# Aim of the task
Your answer must be the full listing below, restated word for word, with no pictures in it.

# Given data
★ ★ ★ ★ ★

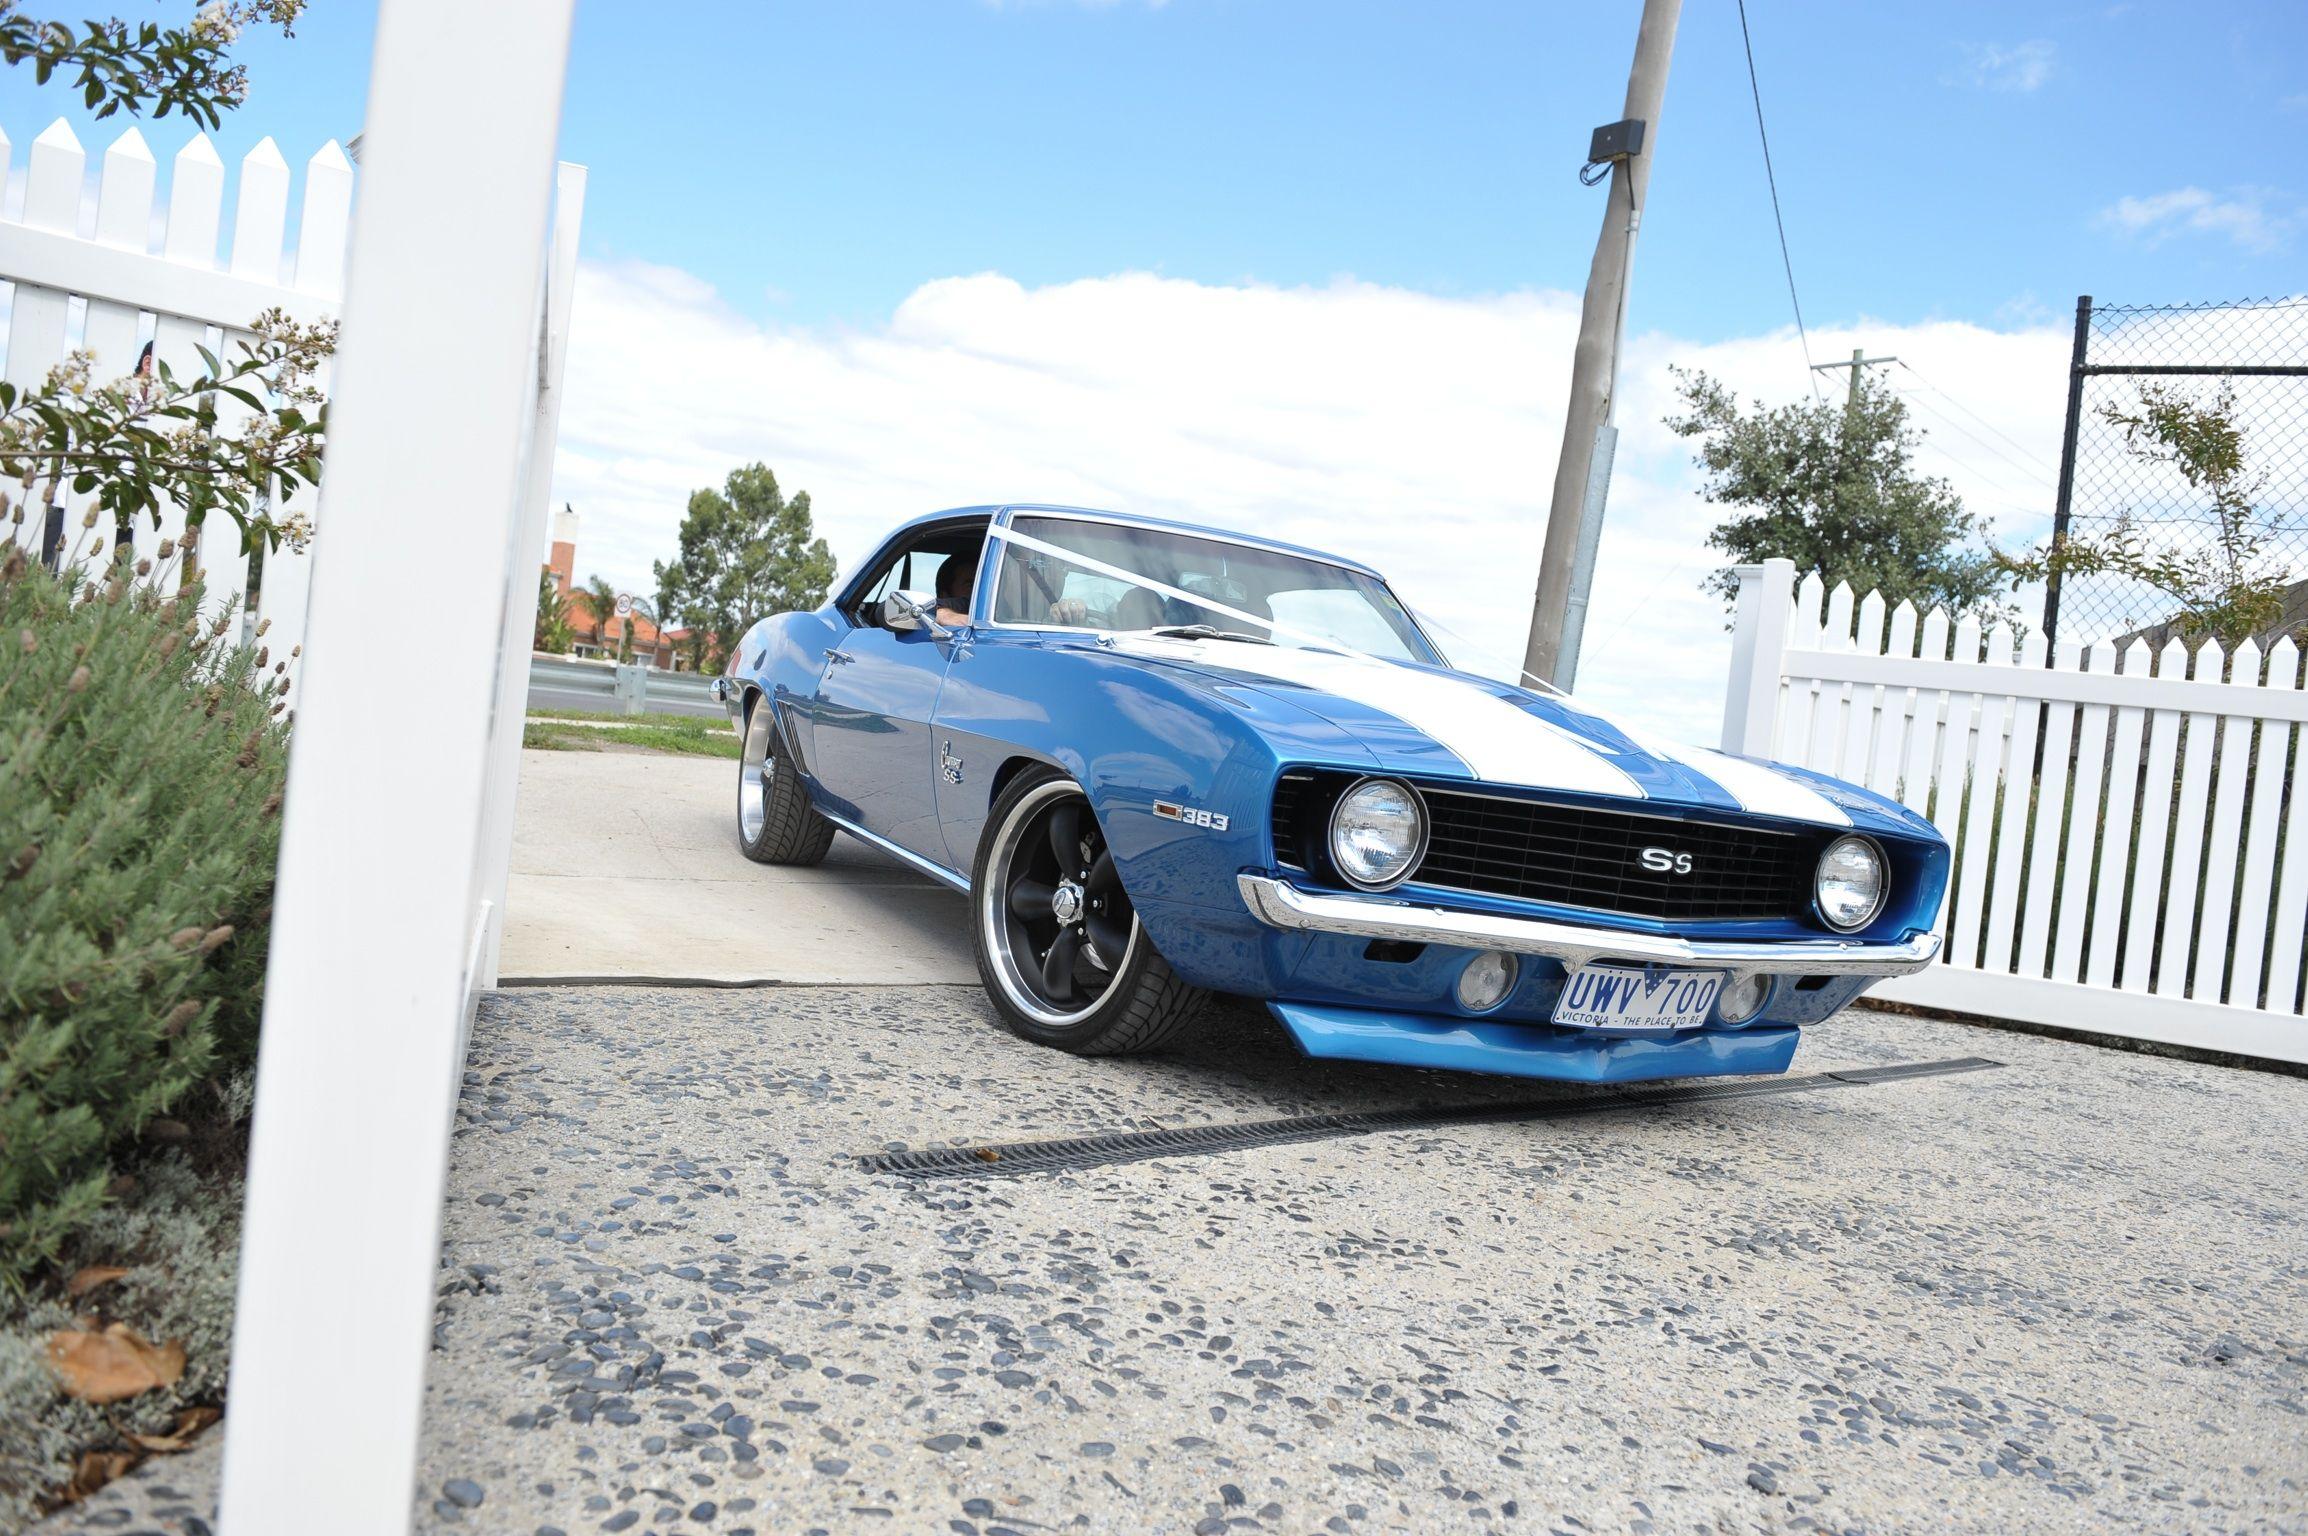 Blue 69 Camaro, classic muscle car modern wedding car | Superb ...
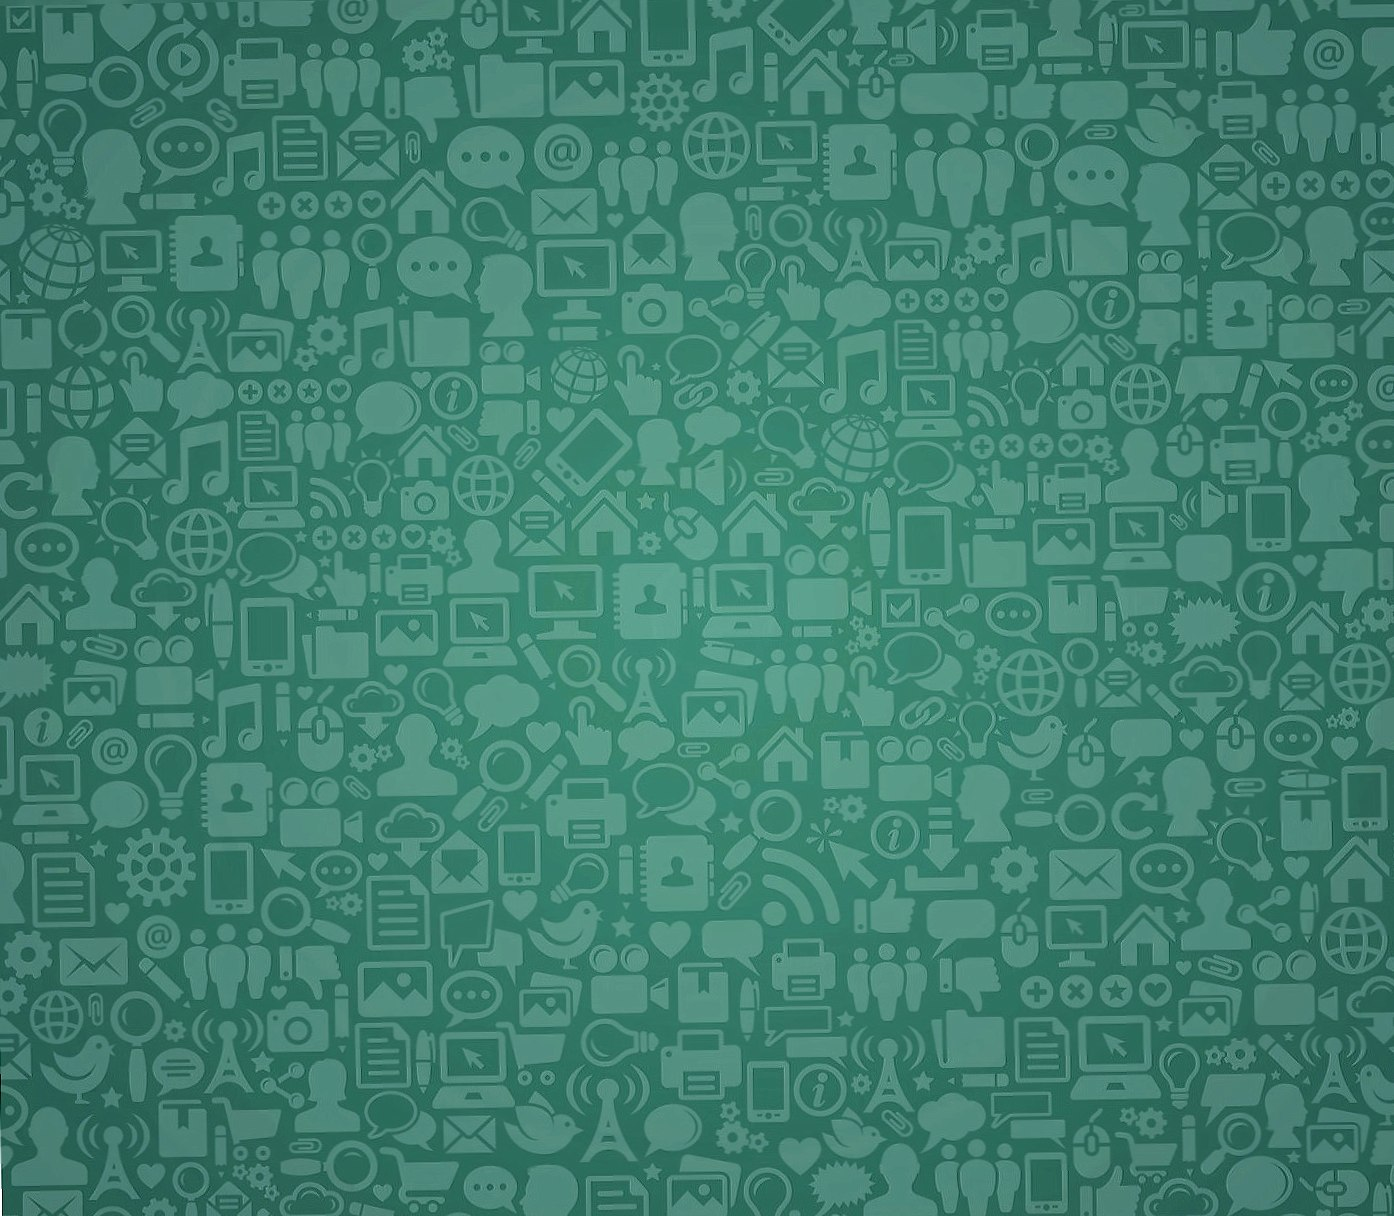 WhatsApp wallpapers HD quality
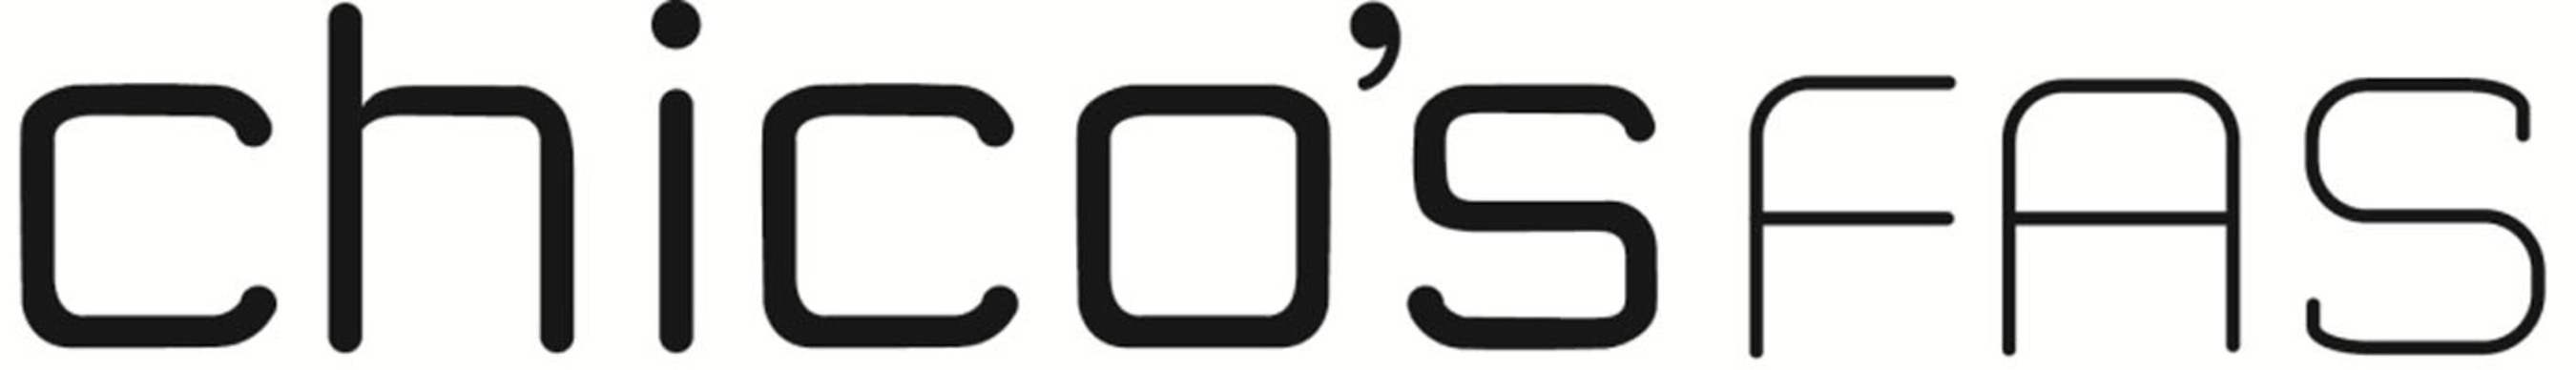 Chico's FAS Logo.

★ ★ ★ ★ ★

# Reply
 Blue 69 Camaro, classic muscle car modern wedding car | Superb ...
 WhatsApp wallpapers HD quality
 Chico's FAS Logo.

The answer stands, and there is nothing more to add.